Earlier, in her opening remarks, Ahmed expressed optimism that recent developments in the oil sector, such as the Petroleum PIA 2021, the full reactivation of the four public refineries in the country, and the completion and coming on stream of the three private refineries under construction in 2022, would significantly boost contribution from the sector to economic growth.
According to her, subsidies’ regime in the sector remained unsustainable and economically disingenuous.
She disclosed that ahead of the target date of mid-2022 for the complete elimination of fuel subsidies, the government was working with its partners on measures to cushion potential negative impact of the removal of the subsidies on the most vulnerable at the bottom, which she estimated to be 40 per cent of the population.
“One of such measures would be to institute a monthly transport subsidy in the form of cash transfer of N5,000 to between 30 – 40 million deserving Nigerians.
“As a government, we remain committed to our broad objectives of stimulating broad-based growth through diversification and the active participation of the private sector to ensure that our growth is inclusive.
“We will continue to prioritise investment in critical infrastructure needed to unlock production and supply constraints, to create adequate productive employment and preserve jobs, and to ensure macroeconomic stability and promote poverty reduction and equity.
“I agree with the Report that with the expansion of social protection policies during the pandemic, the government has an opportunity to phase out subsidies such as the PMS subsidy while utilising cash transfers to safeguard the welfare of poor and middle-class households.
“Towards this end, we intend to accelerate our structural reforms, particularly in the power sector, in governance, in business environment to unlock the huge potentials of the economy, scale up social safety net and deepen financial inclusion to reduce poverty and inequality gaps. We will carefully calibrate the sequencing of these reforms to manage their attendant political fallouts,” she added.
Ahmed pointed out that digital revolution was looming in Nigeria and waiting to happen spontaneously.

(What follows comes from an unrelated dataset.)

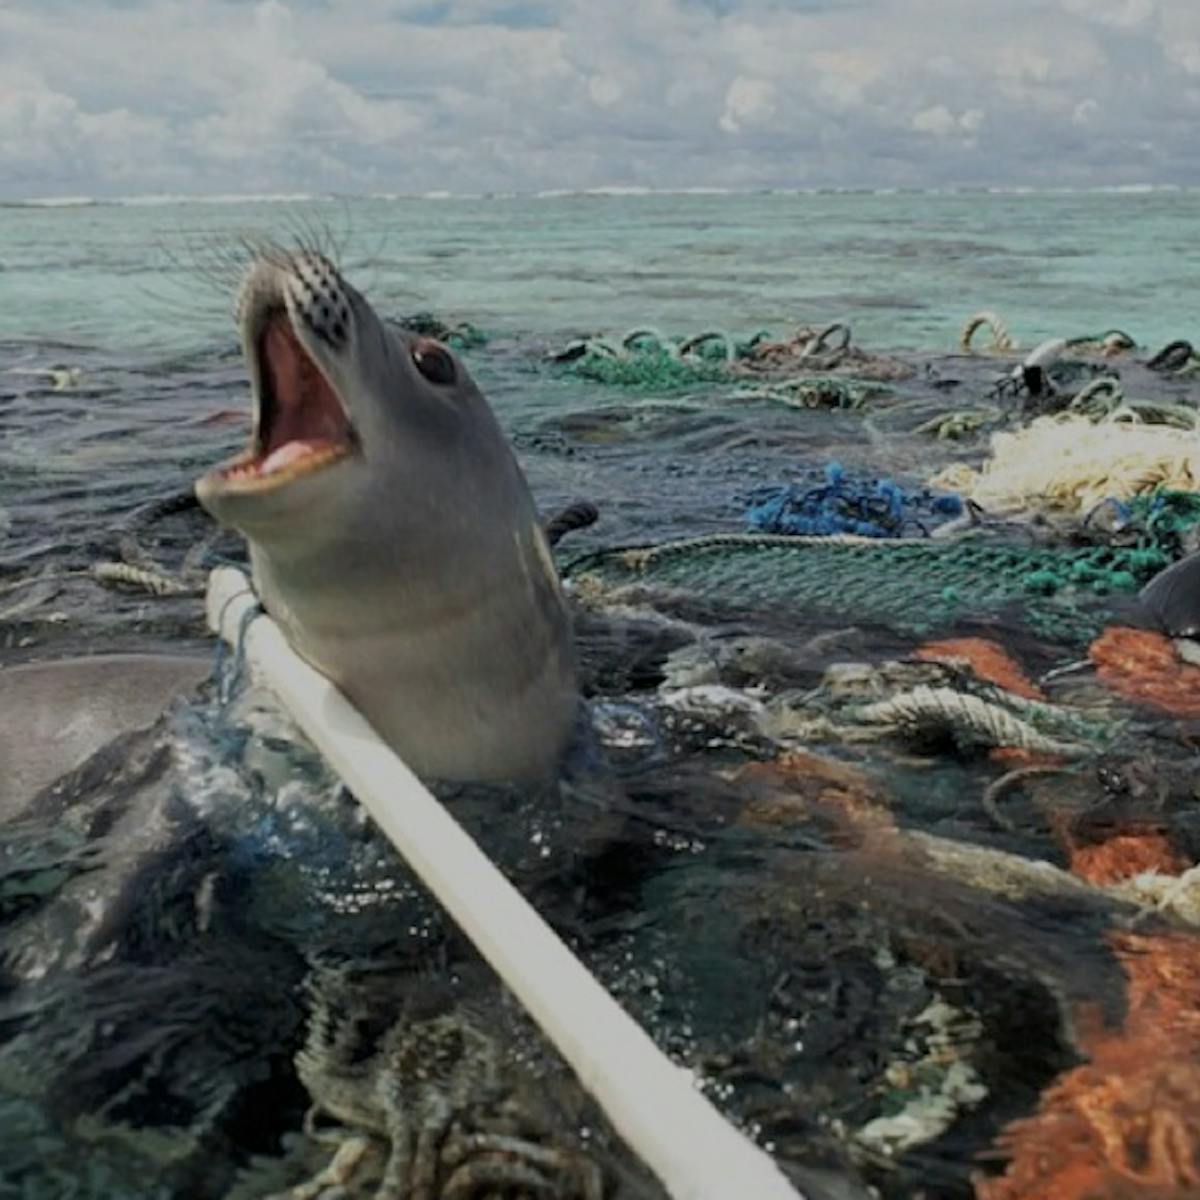 Marine debris: biodiversity impacts and potential solutions

“I agree that Nigeria’s digital economy can transform economic activities by unleashing new productivity gains, offering new services, and improving the government’s efficiency. We see enormous opportunity for our theming youth population in this sector which has largely remained unharnessed with isolated progress and possibilities.

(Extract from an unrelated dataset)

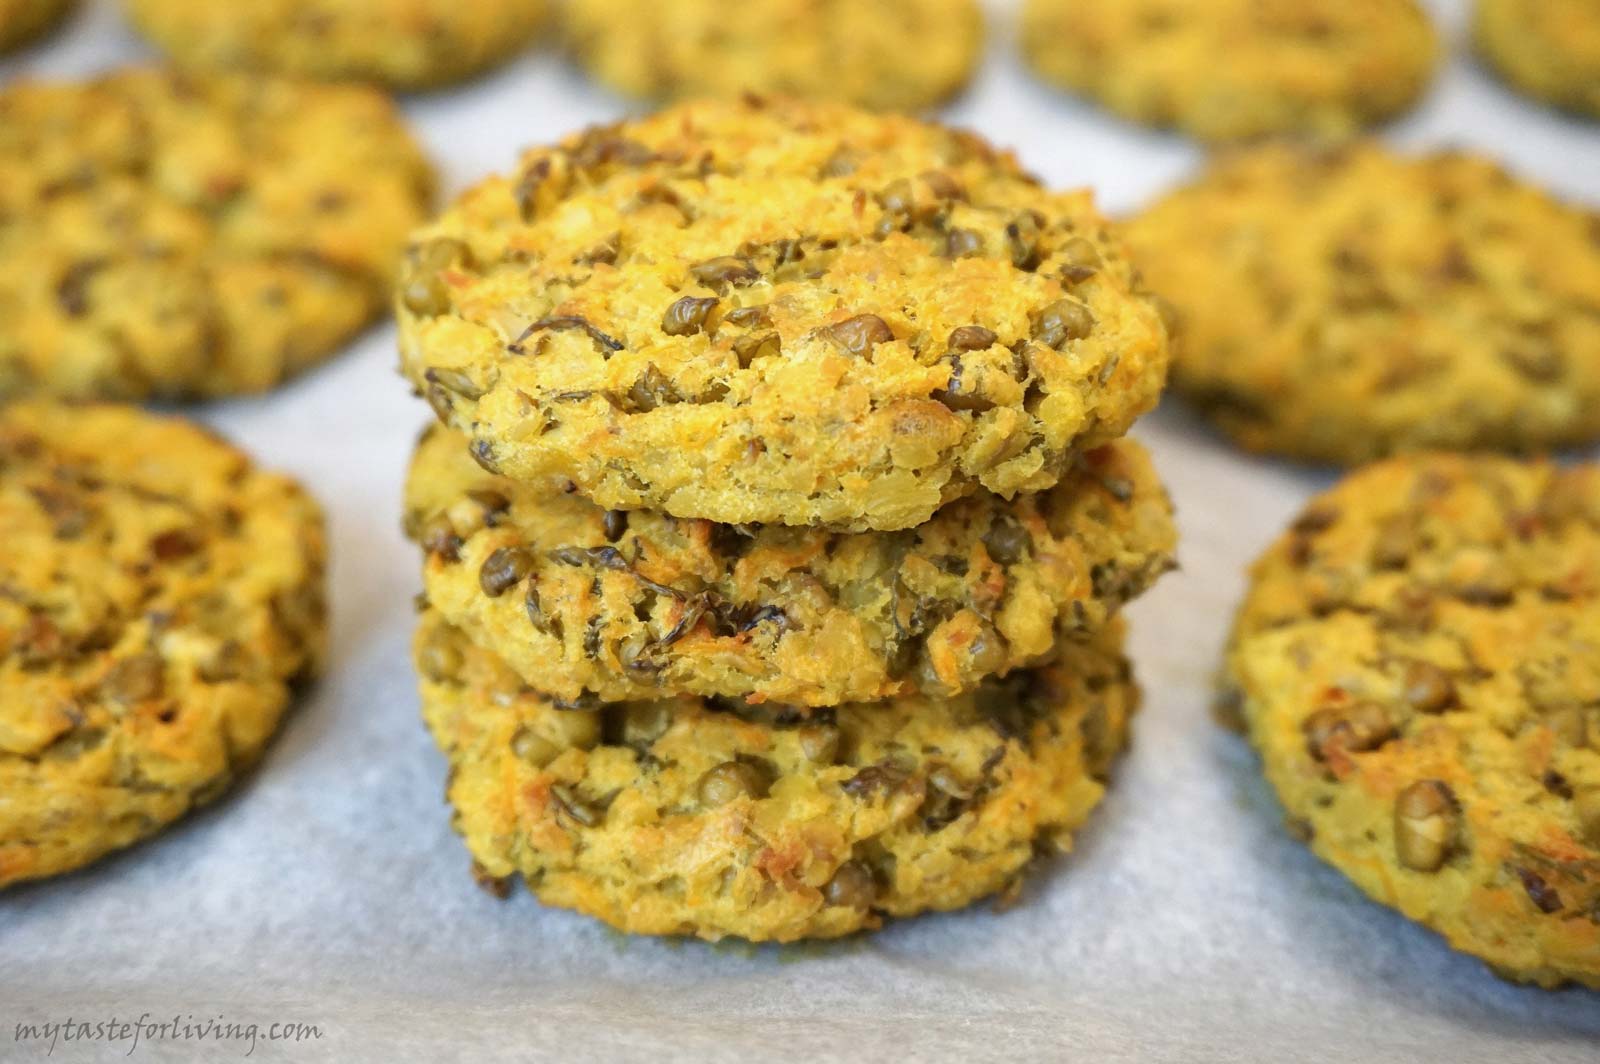 Delicious vegan recipe for baked mung bean burgers with vegetables. They are great complemented with hummus and fresh salad.

“We need greater investments in newer and competitive technologies to be made for the provision of critical infrastructure in the telecoms sector to unleash potentials.
“To protect such investments, government has been mobilising national security outfits, and even local ‘vigilantes’ to provide added layers of security for the infrastructure, while at same time engaging local communities towards addressing the likely root causes of cases of infrastructure vandalisation,” she added.